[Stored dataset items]
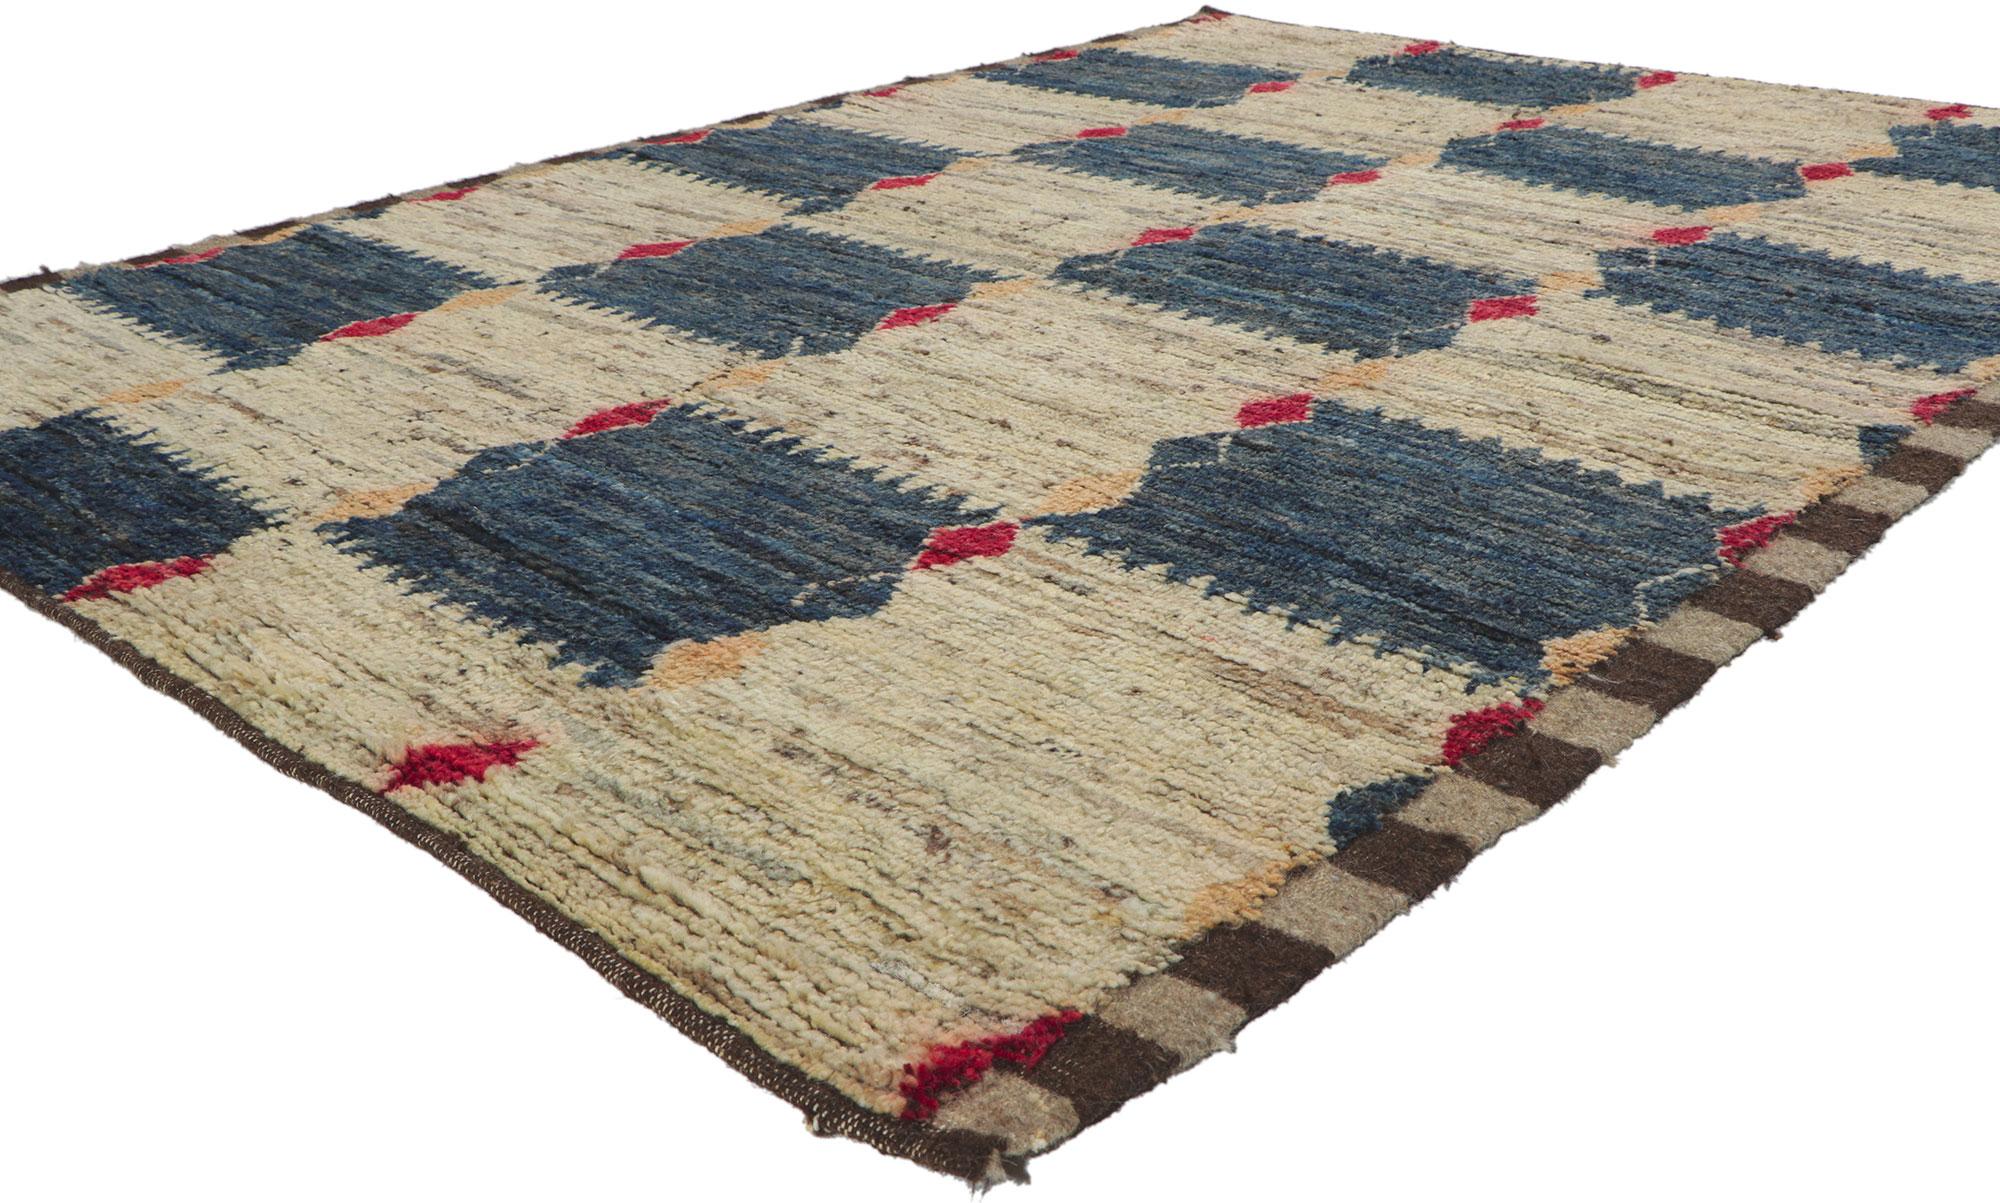 80822 Modern Checkered Moroccan Rug, 05'10 x 07'09.
Midcentury Modern meets tribal enchantment in this hand knotted wool Moroccan style rug. The checkerboard pattern and earthy color scheme woven into this piece reflect a simple yet straightforward
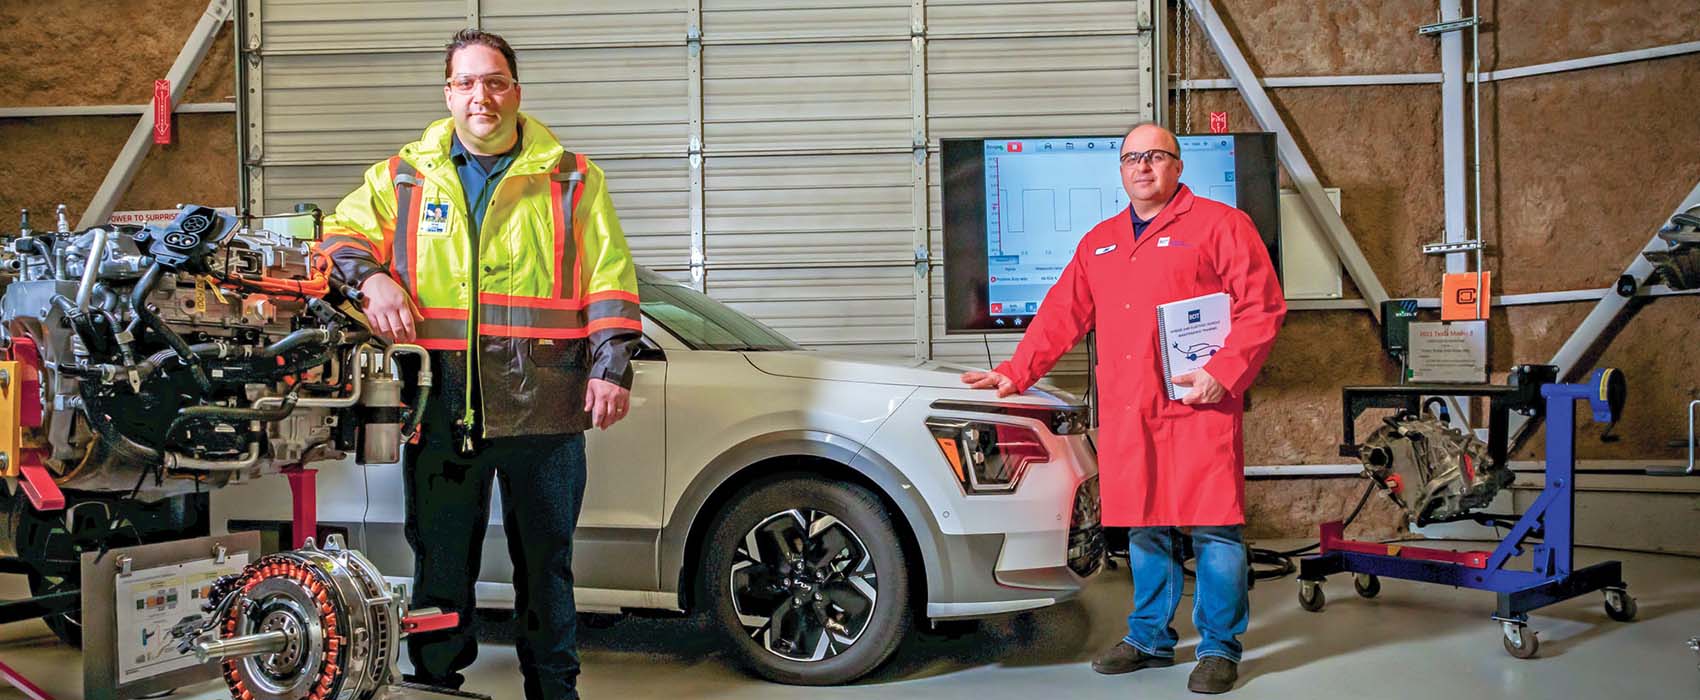 BCAA Fleet Trainer Mario Barone and Auto Service instructor Jim Berladyn stand in a garage in front of a white SUV, surrounded by engines
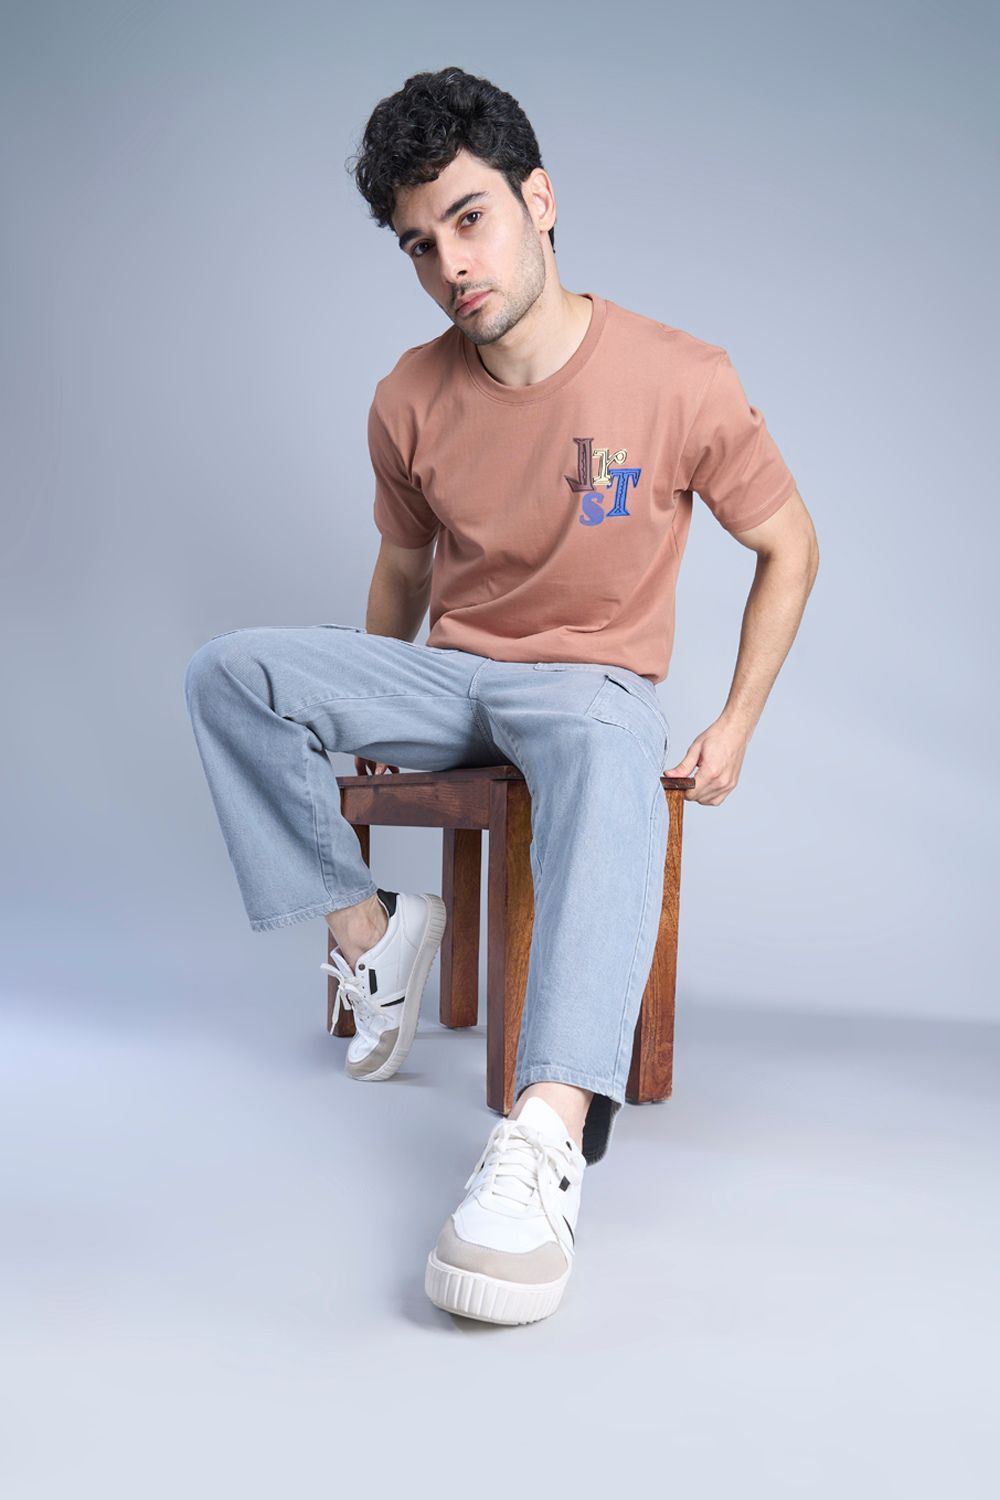 Cotton oversized T shirt for men in the solid color Café cream with half sleeves and crew neck.
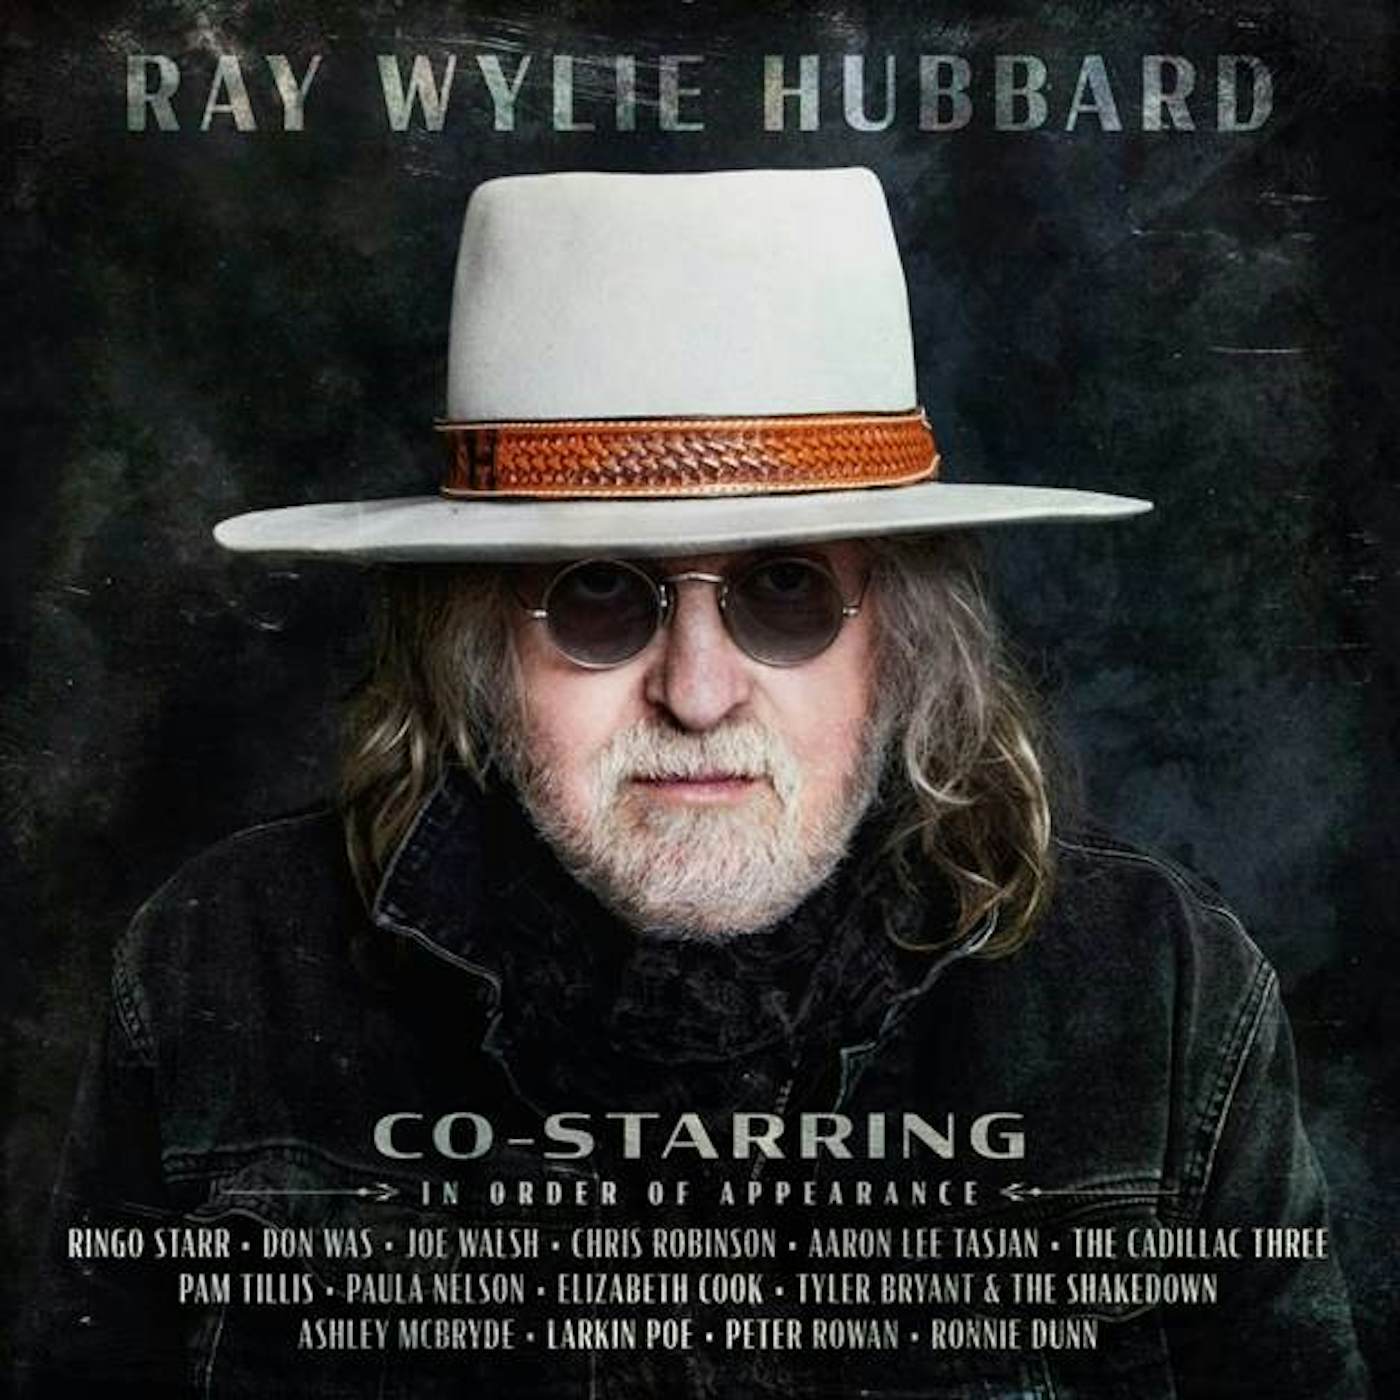 Ray Wylie Hubbard CO-STARRING CD

— EXERCISE BRIEF —
Please set down exactly the lines from the one holding "Midcentury Modern meets" through the last line of the entries, both ends included, and skip pictures.

— WRITTEN REPLY —
Midcentury Modern meets tribal enchantment in this hand knotted wool Moroccan style rug. The checkerboard pattern and earthy color scheme woven into this piece reflect a simple yet straightforward
 BCAA Fleet Trainer Mario Barone and Auto Service instructor Jim Berladyn stand in a garage in front of a white SUV, surrounded by engines
 Cotton oversized T shirt for men in the solid color Café cream with half sleeves and crew neck.
 Ray Wylie Hubbard CO-STARRING CD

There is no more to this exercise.